Money
Government scrambles to speed up spending as fiscal year end nears
Expenditure usually gets bunched up during the period mid-May to mid-JuneRajesh Khanal
The government has transferred more than Rs5 billion to new budgetary headings as it scrambles to speed up spending at the tail end of the fiscal year. Expenditure usually gets bunched up during the period mid-May to mid-June as the government scrambles to use up unspent funds with the fiscal year drawing to a close.
Budget transfer means moving funds from one assigned programme or project to another. In many cases, government agencies seek to adjust budgetary allocations after being unable to spend earmarked money.
Finance Ministry records show that most of the transfers to non-budgetary headings were made under the title of emergencies of general administration and development programmes. A large amount of funds was transferred to pay motivational allowance to government officials and overtime wages to customs officials.
Of the total amount, Rs55 million was spent on official visits to foreign countries. Rs30.95 million was spent during President Bidya Devi Bhandari’s state visit to China while Rs21.28 million was spent for Prime Minister KP Sharma Oli’s visits to Vietnam and Cambodia.
The ministry approved the transfer of Rs1 billion to the Rani-Biratnagar-Itahari-Dharan road expansion project. Rs396.50 million was transferred to provide relief to conflict victims and family members of missing people.
Almost every year, the ministry has been allowing large budget transfers towards the end of the fiscal year. In the past four months, the ministry allowed budget transfers totalling Rs47 billion. This year, the ministry issued a directive restricting budget transfers from mid-June to mid-July, the last month of the fiscal year.
The Office of the Auditor General pointed out major flaws in spending under non-budgetary headings by the government in its 56th annual report for the fiscal year 2017-18.
The report shows that the Finance Ministry had allowed transfers totalling 19 times over the limit.
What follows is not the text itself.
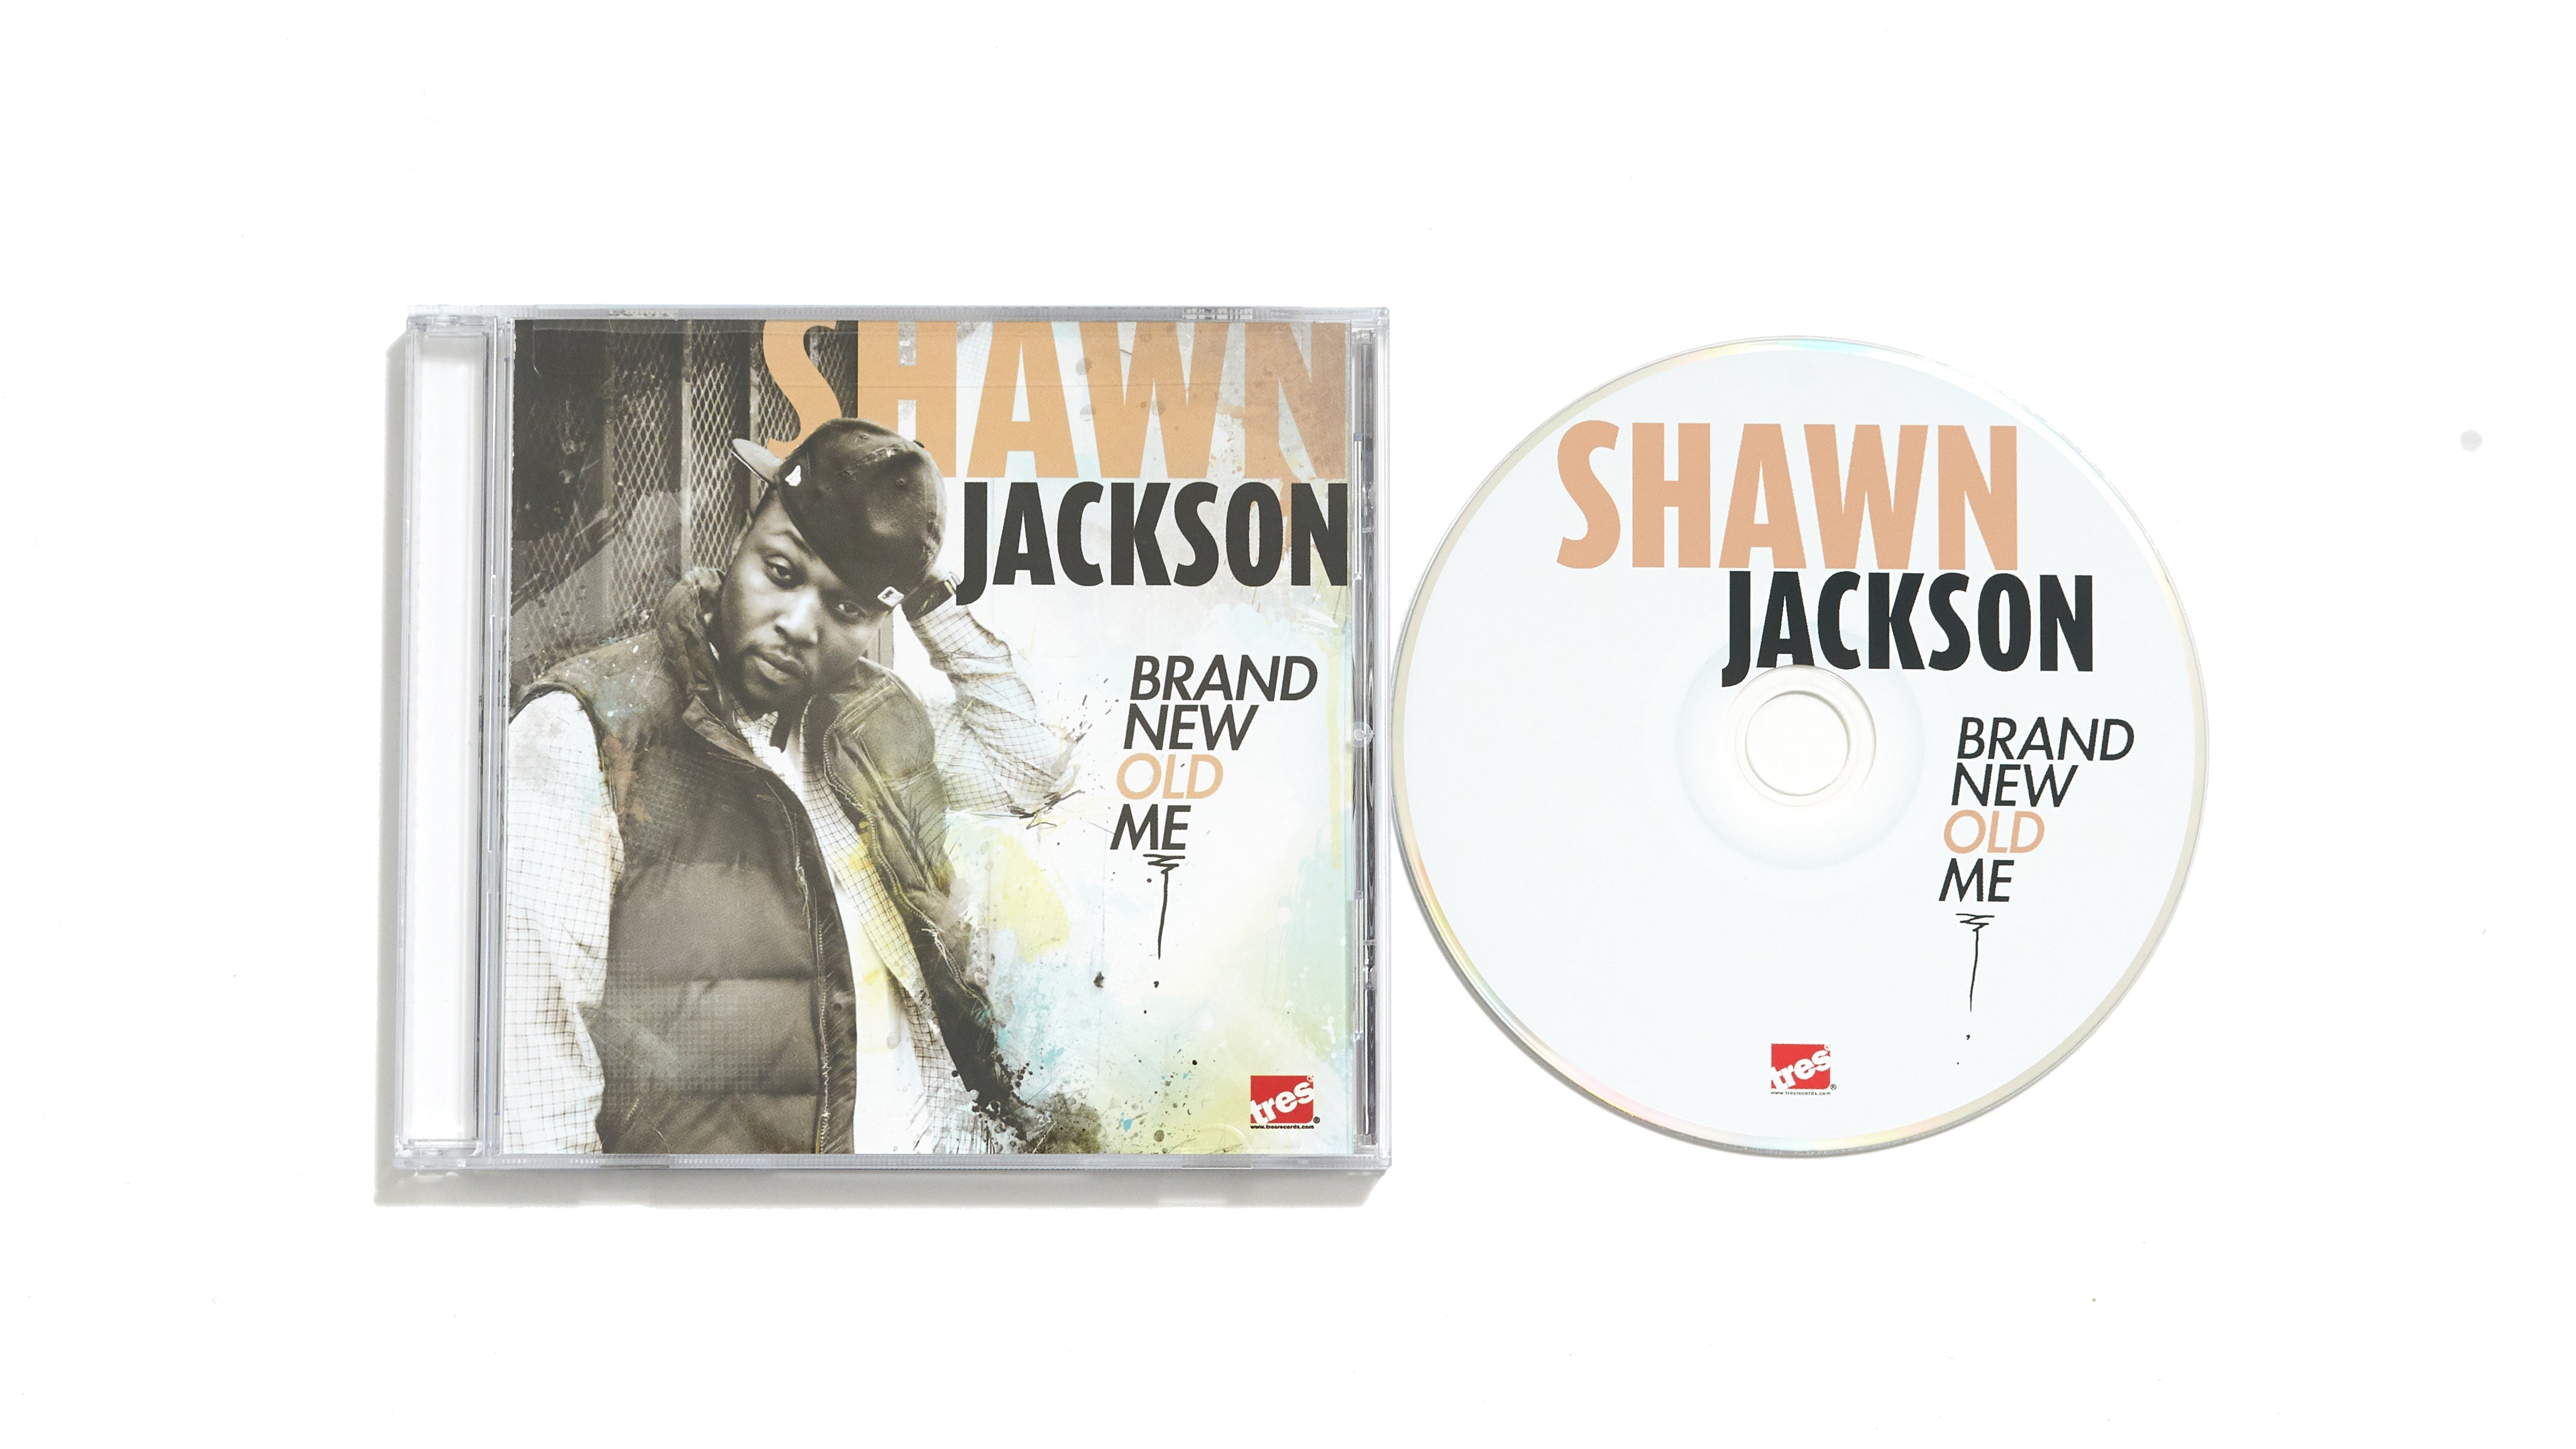 Shawn Jackson "Brand New Old Me" (CD)

The Appropriation Act 2017 bars the government from making transfers of more than 10 percent of the budget allocation.
Irregular budget transfers have raised concern among donor agencies.
World Bank officials have urged the government to check the tendency of virement stating that it might not help serve the purpose of financial discipline.
Uttar Kumar Khatri, spokesperson for the Finance Ministry, said the government could transfer funds from headings where the allocation was not being utilised under the Finance Act and Appropriation Act. “The ministry also needs to reach a decision when the allocation falls short due to an unexpected rise in expenses under a particular heading,” said Khatri, denying that such a move constituted violation of fiscal discipline.
Keshab Acharya, who served as an economic adviser to the Finance Ministry, said the large budget transfers affected the government’s aim to maintain fiscal discipline.
Acharya said the prevailing practice of budget transfers raised questions about the efficiency of the financial administration run by the government with a two-thirds majority. “It reveals the irresponsibility of the authorities that revise their own estimates of the budget allocated via the government red book,” he said.